Я чувствую мягкое прикосновение его сознания к моему.

— Келли?

— Да. Шэй помогла мне. Теперь я знаю, кто я на самом деле, — объясняю я, и он улыбается и касается моей руки.

— Тебе не следовало приходить сюда. Не надо тебе этого видеть. Возвращайся.

Я качаю головой.

— Не могу сидеть одна, когда такое происходит. Я хочу помочь.

— А ты не боишься, что заразишься?

— Нет. А должна бояться?

Ксандер склоняет голову набок, словно раздумывает, а потом говорит:

— Нет. У тебя иммунитет.

22 ШЭЙ

Я поднимаю глаза, вижу Келли, стоящую в дверях с Ксандером, и прихожу в ярость, потому что ужасно боюсь за нее.

«Я же говорила тебе, чтобы сидела дома! Пожалуйста, уходи, может быть, еще не слишком поздно».

Келли качает головой и говорит, что у нее иммунитет — интересно, откуда ей это известно? — и что она хочет помочь. А когда видит, что не убедила меня, добавляет, что это подтвердил Ксандер. Я не могу понять, откуда он знает, что у нее иммунитет, если Келли все время находилась здесь, в общине, месте, до вчерашнего дня не затронутом эпидемией. Но думать об этом сейчас я не могу. Ситуация требует абсолютной концентрации.

С помощью Беатрис и других выживших, близких и далеких, я продолжаю работу. Вхожу в контакт с одним из больных, затем с другим, вместе мы облегчаем их уход, но не можем спасти от смерти. Я служу проводником для других, и каждый раз, когда кто-то умирает, чувствую их смерть так явственно, словно умираю сама. Ком отчаяния растет в душе по мере того, как это происходит снова и снова, и с каждым разом все труднее заставлять себя пытаться помочь следующему. И каждый раз, соединяясь с другой душой, я погружаюсь в нее еще глубже, чем в предыдущий, стараясь найти то, что могло бы помочь.

Как насчет того сгустка темноты, который я ощутила внутри себя и который, возможно, защищает антивещество? У выживших он обнаруживается, но только он тщательно скрыт. Я начинаю искать его у умирающих и не нахожу.

Не по этой ли причине кто-то выживает, а кто-то умирает?

Нужно поискать его в другом выжившем. Я не решаюсь просить об этом Ксандера, поэтому спрашиваю Септу, могу ли войти в полный контакт с ней и посмотреть, имеется ли внутри нее этот сгусток. Она не понимает и не горит желанием, но, в конце концов, соглашается, если это может помочь хотя бы кому-то из ее людей.

Мы соединяемся. Во многих отношениях она не такая, какой кажется, но я стараюсь не видеть, не совать нос — не за этим я здесь. Глубоко внутри я, наконец, обнаруживаю искомое — сгусток тьмы, который ощущаю, но не вижу — стало быть, у нее он тоже есть. Это то, что делает нас выжившими… должно быть так. И то, чего нет у них.

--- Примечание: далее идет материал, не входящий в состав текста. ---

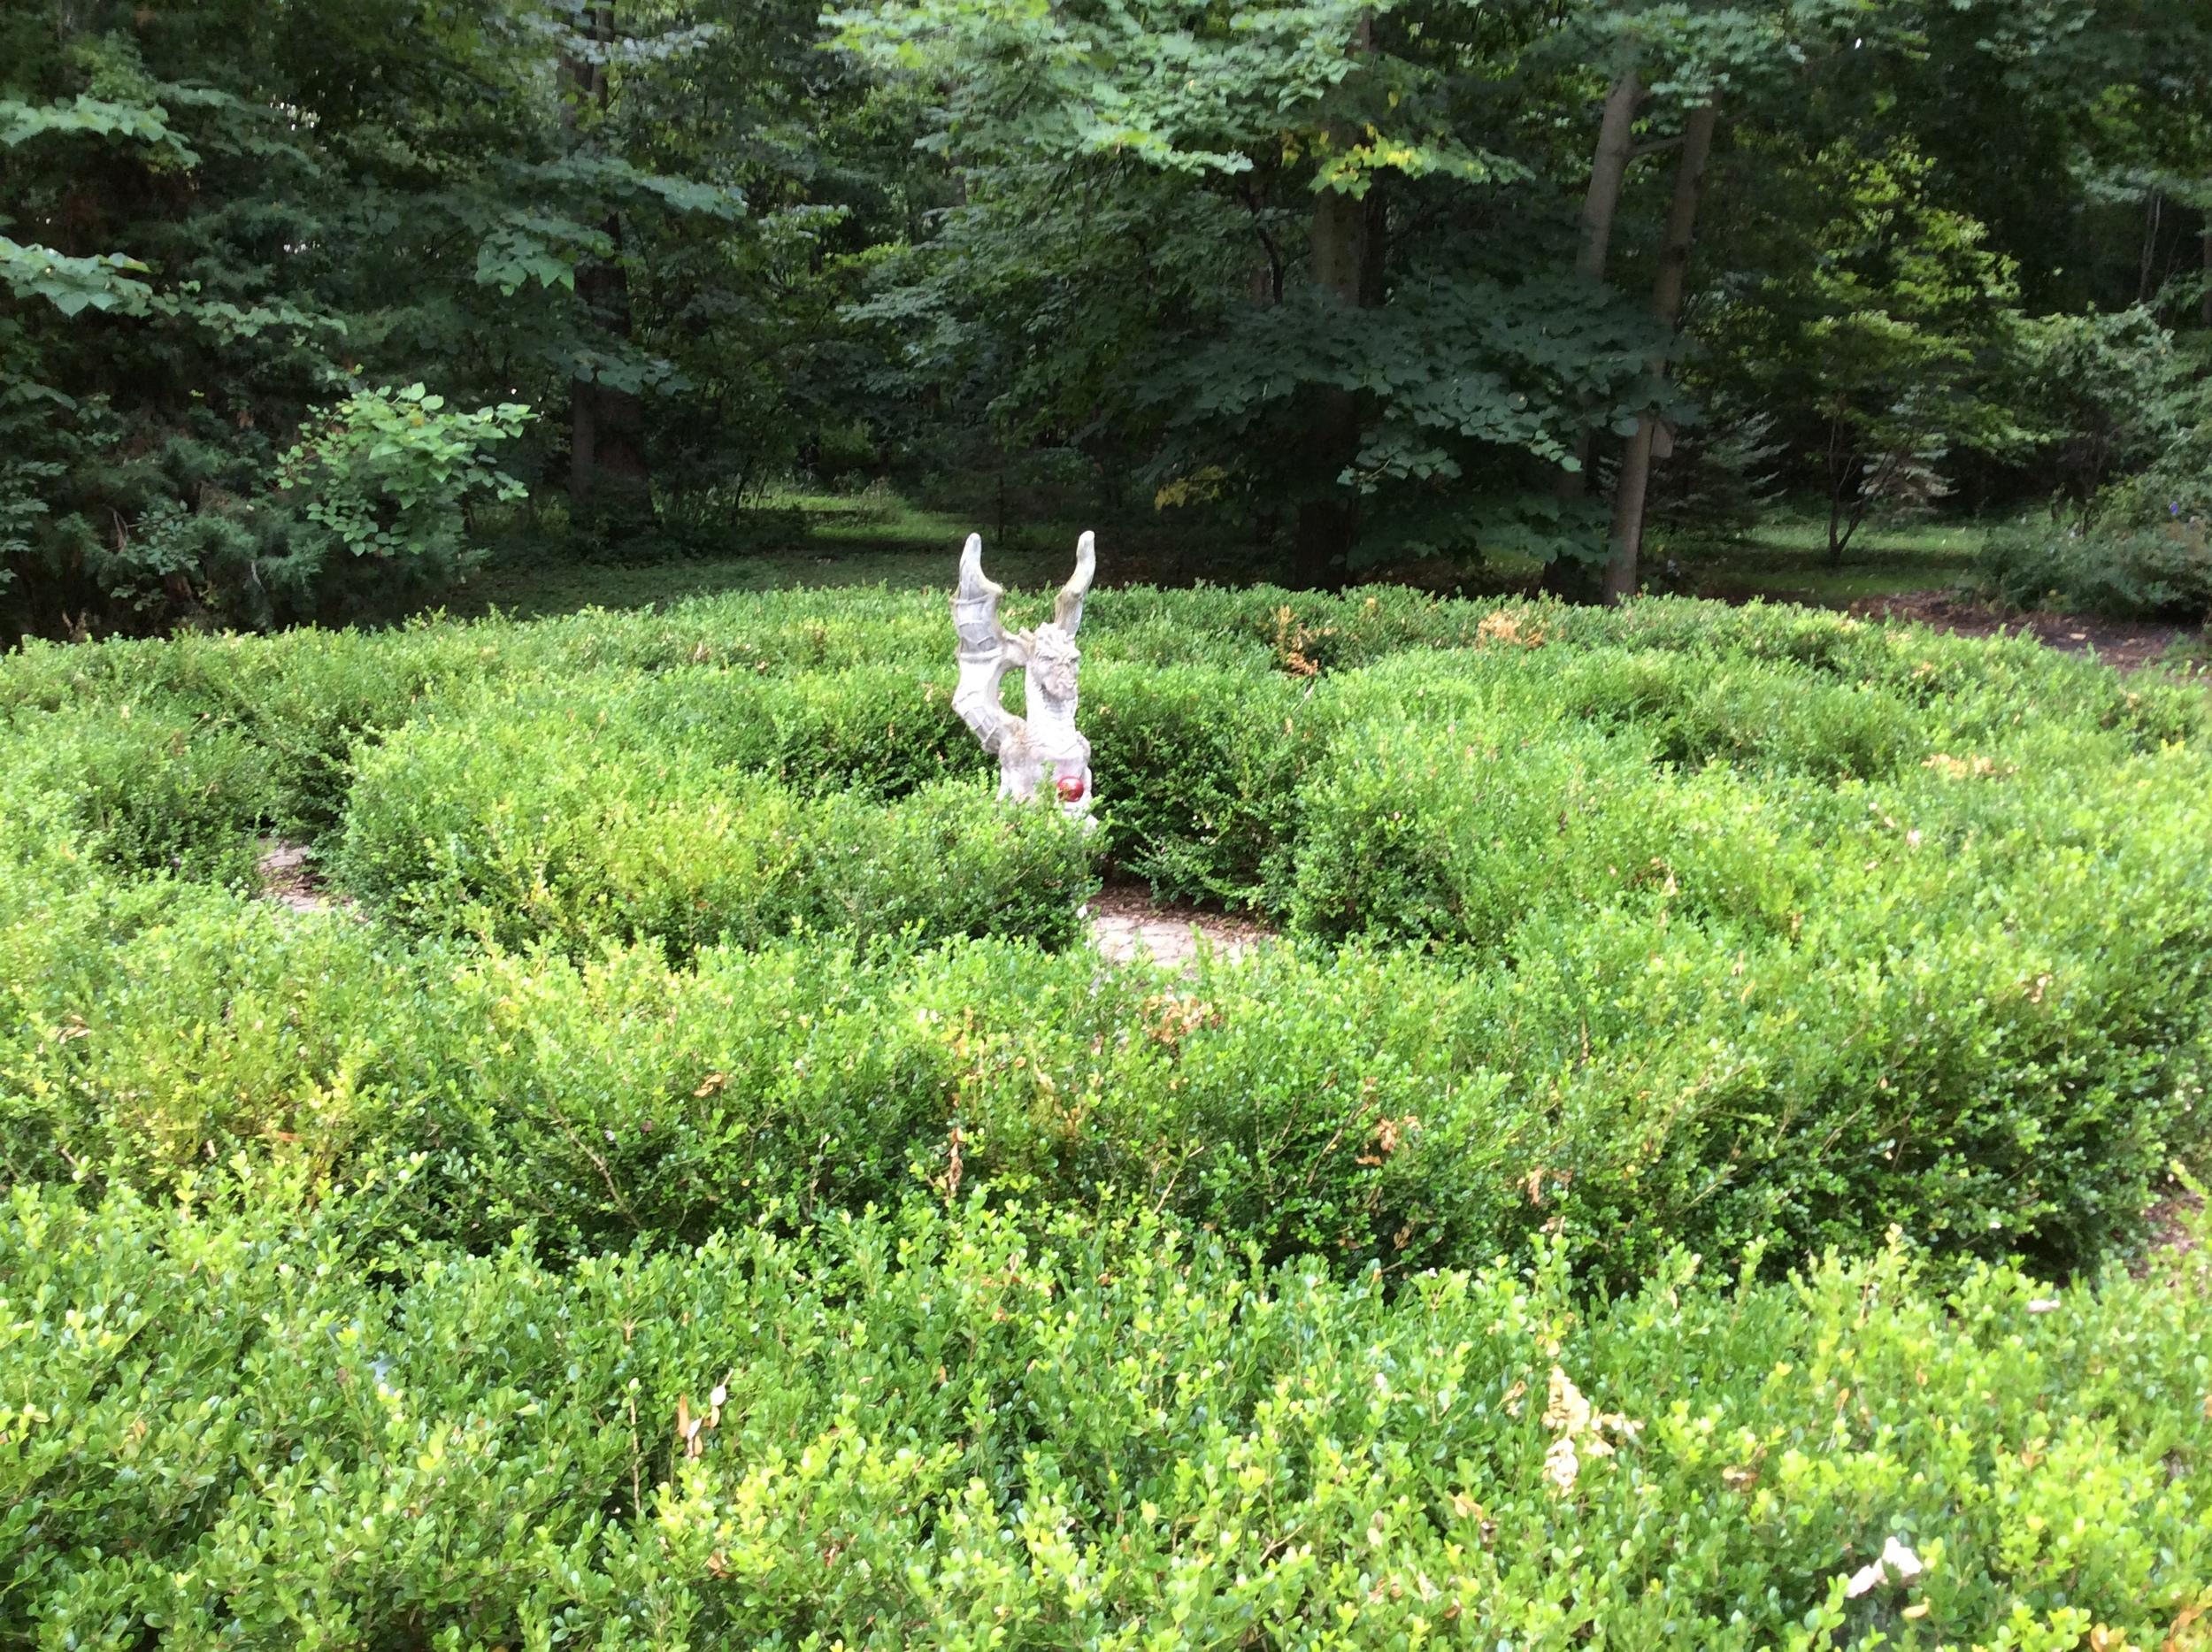 A maze in the backyard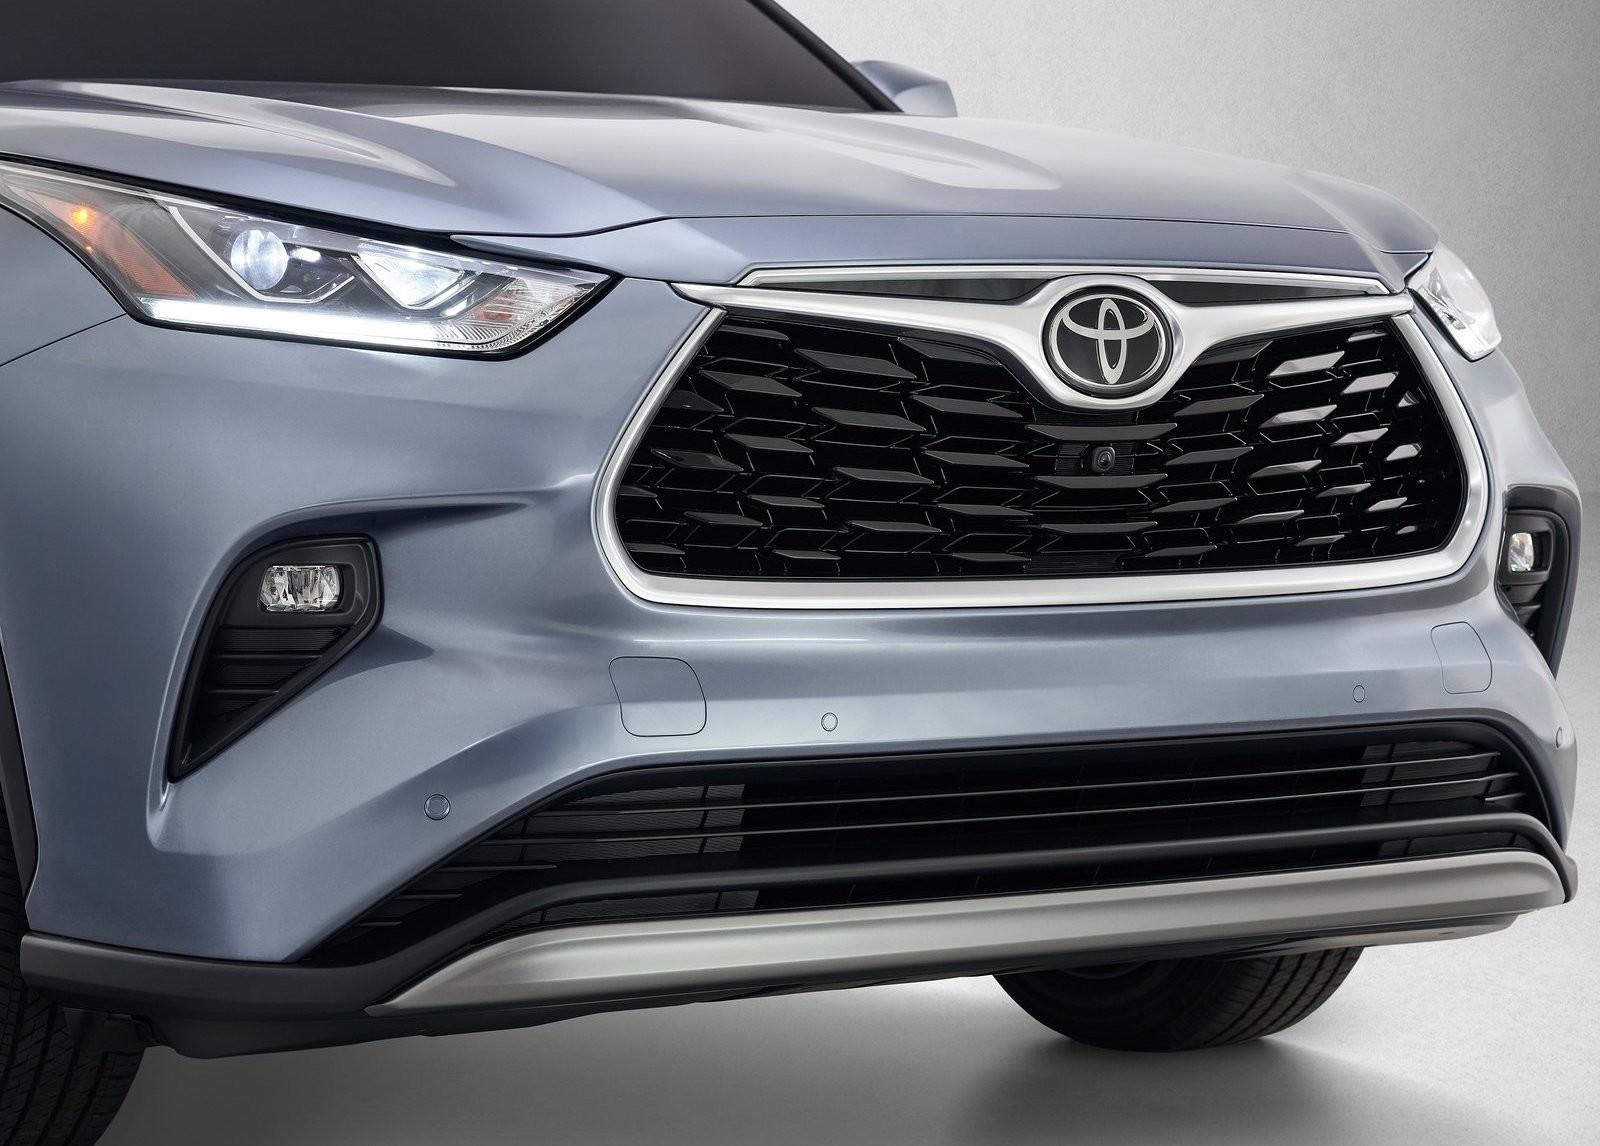 Foto de Toyota Highlander 2020 (13/13)

Я оглядываю комнату: Келли тоже держит за руки больных. И хотя она не может облегчить их боль, как можем мы, это все равно помогает. Она по-прежнему выглядит вполне здоровой, и я молюсь, чтобы это оказалось правдой: что она невосприимчива, как и сказала.

И Ксандер подтвердил это? Но откуда он мог знать?

«Септа, как давно Келли живет здесь?»

«Что? Я не знаю. Около полугода».

«Не год?»

«Нет, не так долго. А почему ты спрашиваешь об этом? То, что ты нашла во мне, показывает тебе способ помочь моим людям? Так сделай это!»

Те, кто остался — больные, умирающие — я проверяю их всех. Ни у кого из них нет этого сгустка тьмы внутри. Они все умрут, и я не в состоянии это предотвратить.

Перси одна из последних заболевших. Глаза у нее широко открыты, полны страха и боли. Я опускаюсь на колени рядом с ее лежаком и беру за руку. Она крепко сжимает мою ладонь, и очередная волна боли накатывает на нее.

— Помоги мне, — шепчет она, — пожалуйста.

Септа тоже здесь, и каким бы ни было ее отношение к девушке, в глазах ее плещутся жалость и злость, рожденные нашим бессилием. Мои силы уже на исходе, но я не могу позволить ей умереть в таких муках. Как много раз до этого, я соединяюсь с Перси, ныряю в сердцевину ее боли и прошу Беатрис и других защитить меня от нее, насколько возможно, чтобы посмотреть поглубже, повнимательнее..

Внутри Перси нет сгустка тьмы. Я уже проверяла раньше, поэтому знаю, и все же…

Откуда он берется? Он уже есть у тех, кто выживет, или образуется в процессе?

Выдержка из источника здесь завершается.